Images are not part of the copy; transcribe all the data exactly.

**INPUT DATA**

BEGIN

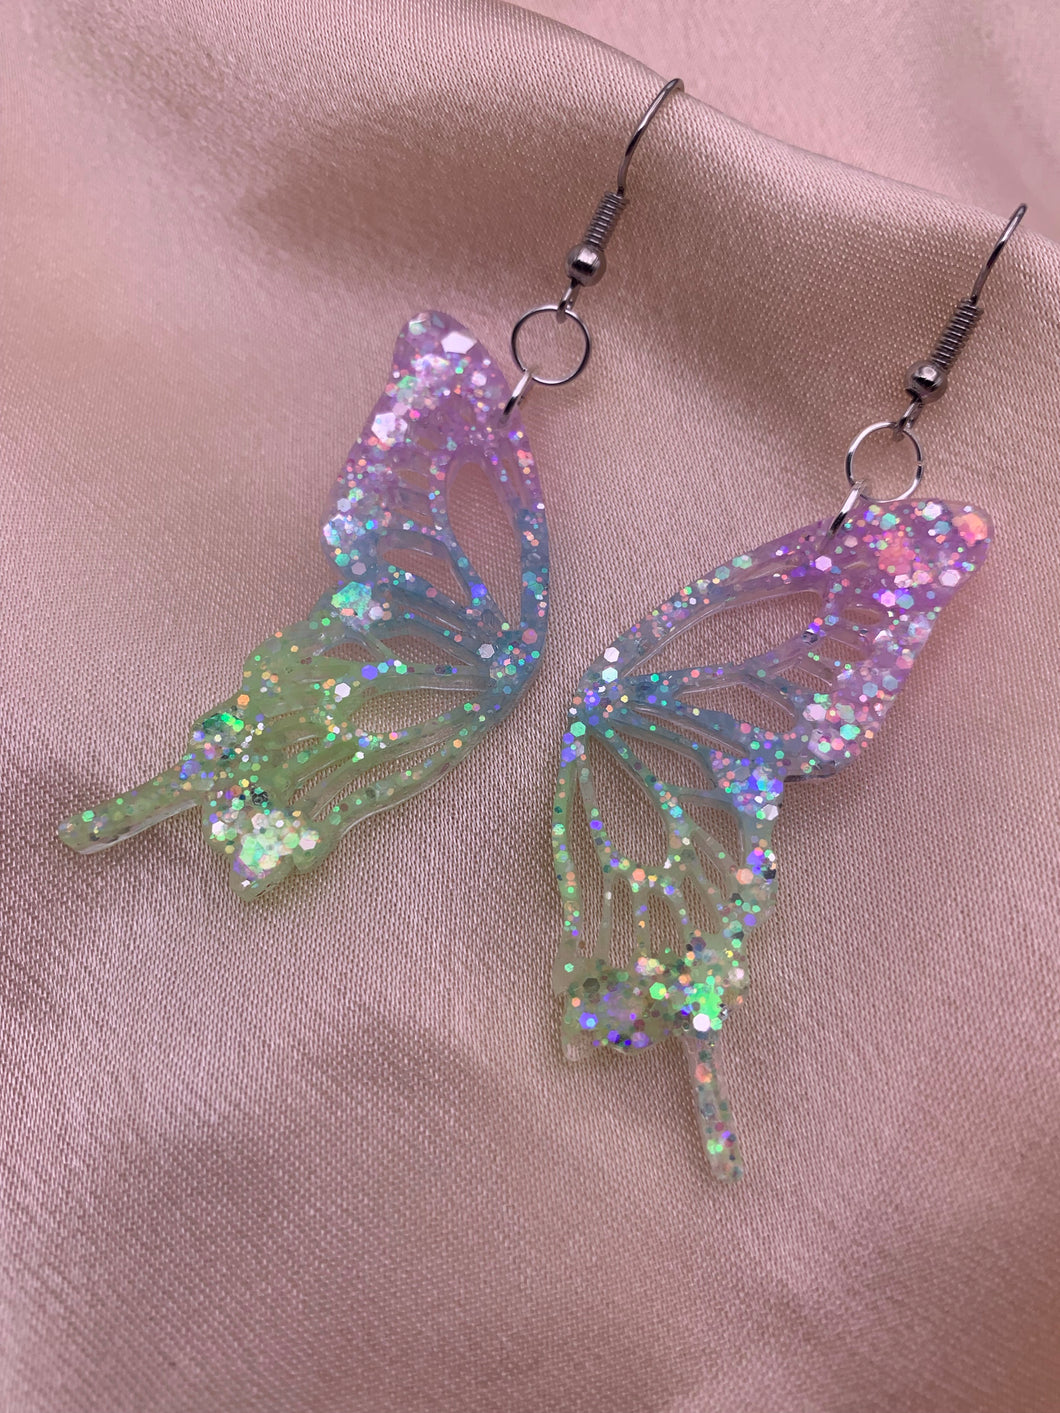 Fairy butterfly wing earrings
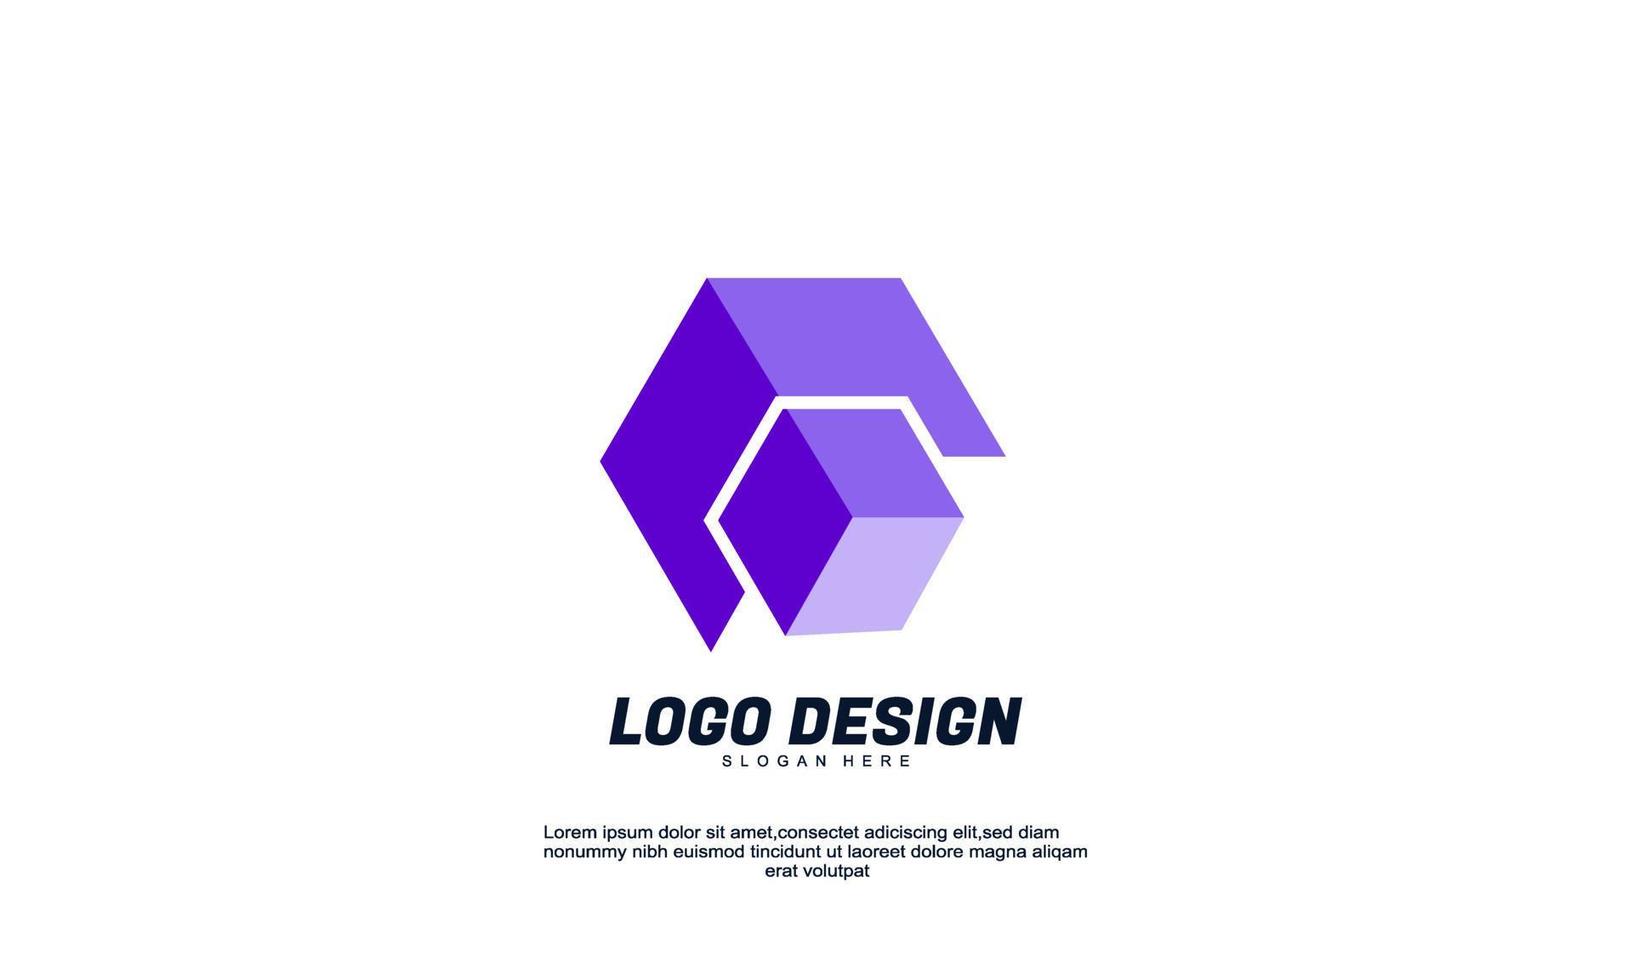 logotipo moderno de identidade de ideia criativa abstrata de vetor de estoque para empresa ou negócios cor roxa com modelo de design plano
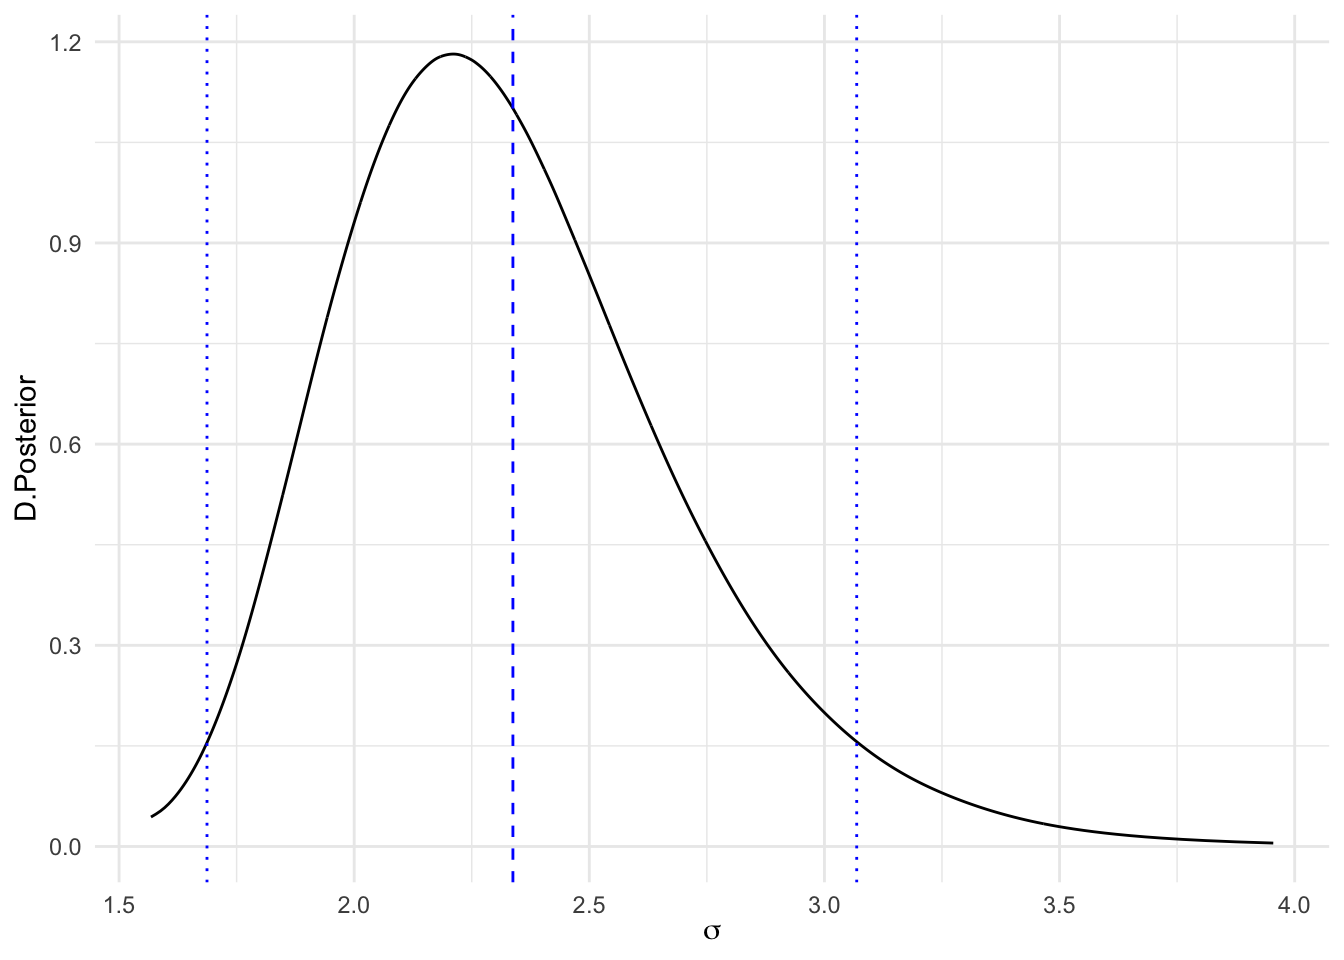 Distribución posterior, media y RC, de la desviación típica de los datos (sigma)
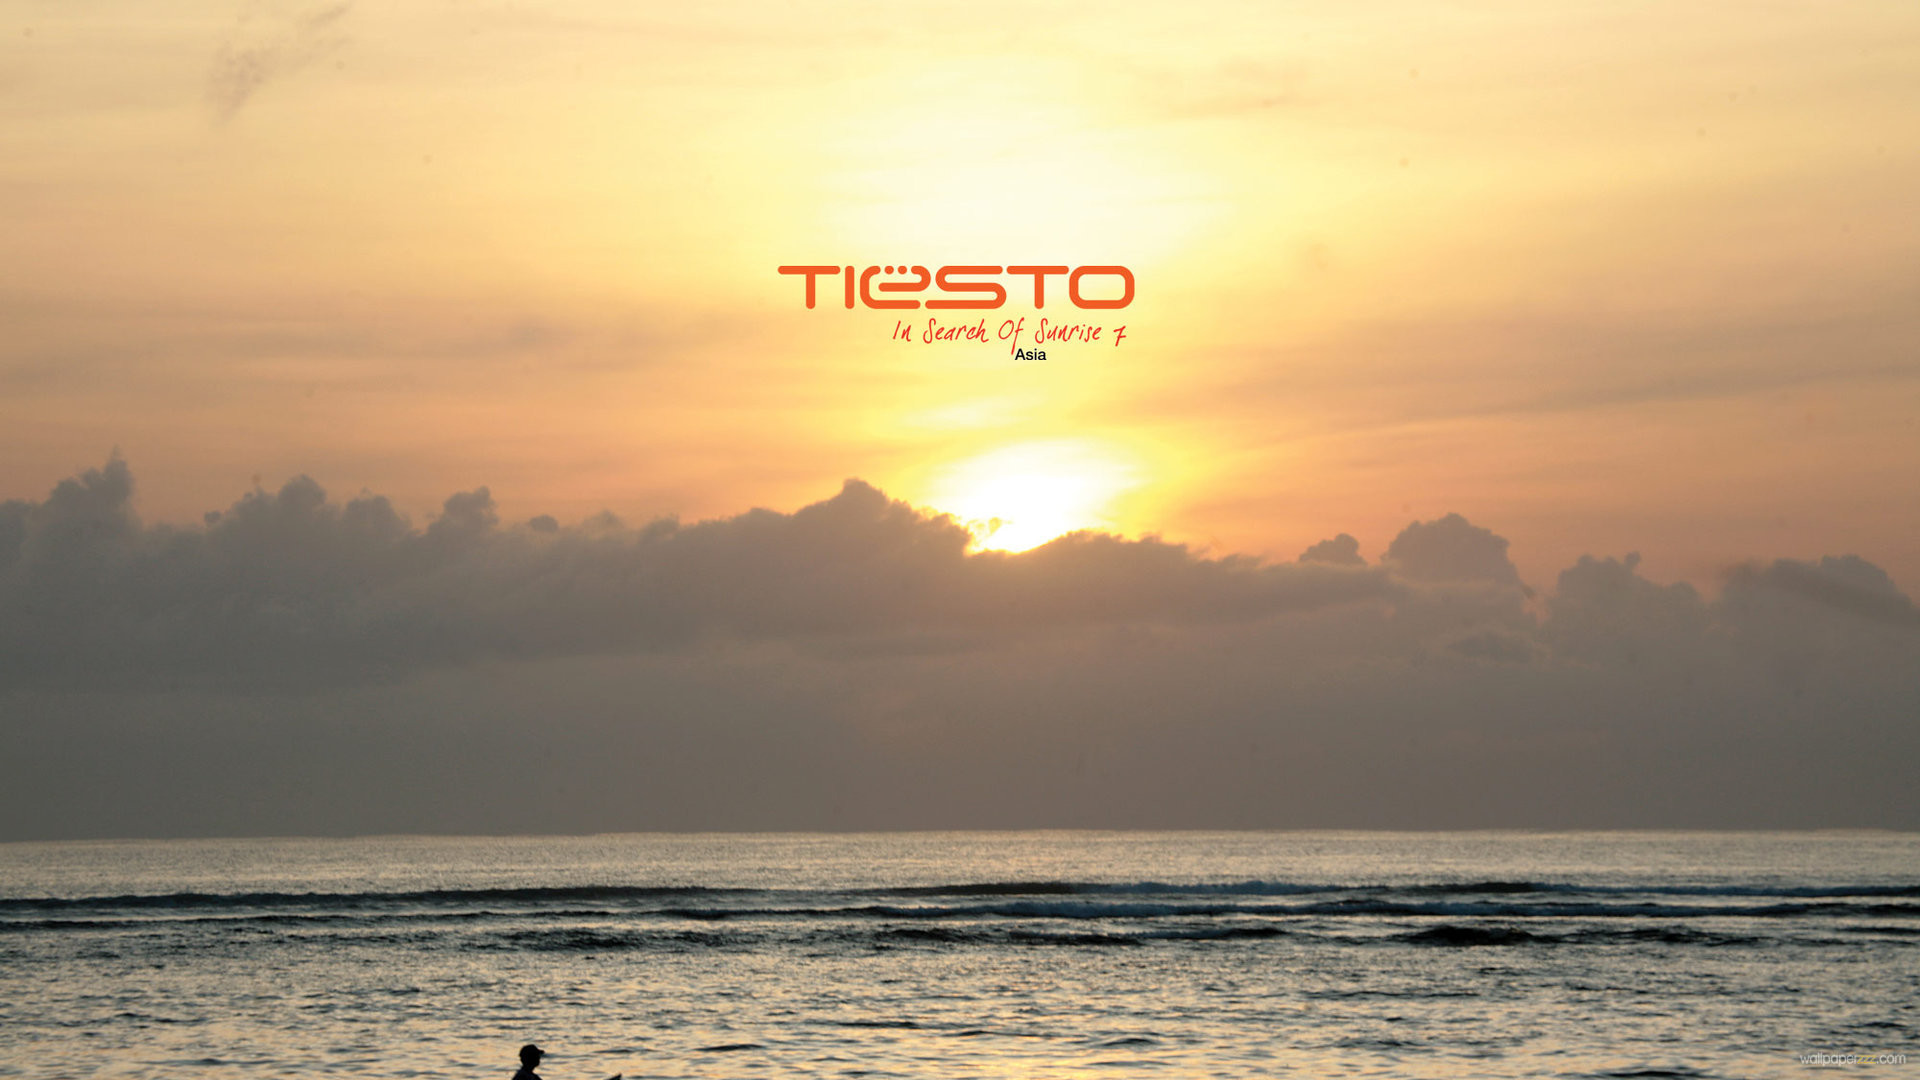 1920x1080 Dj Tiesto In Search Of Sunrise

END

**RESPONSE BOX**
 Fairy butterfly wing earrings
 logotipo moderno de identidade de ideia criativa abstrata de vetor de estoque para empresa ou negócios cor roxa com modelo de design plano
 Distribución posterior, media y RC, de la desviación típica de los datos (sigma)
 1920x1080 Dj Tiesto In Search Of Sunrise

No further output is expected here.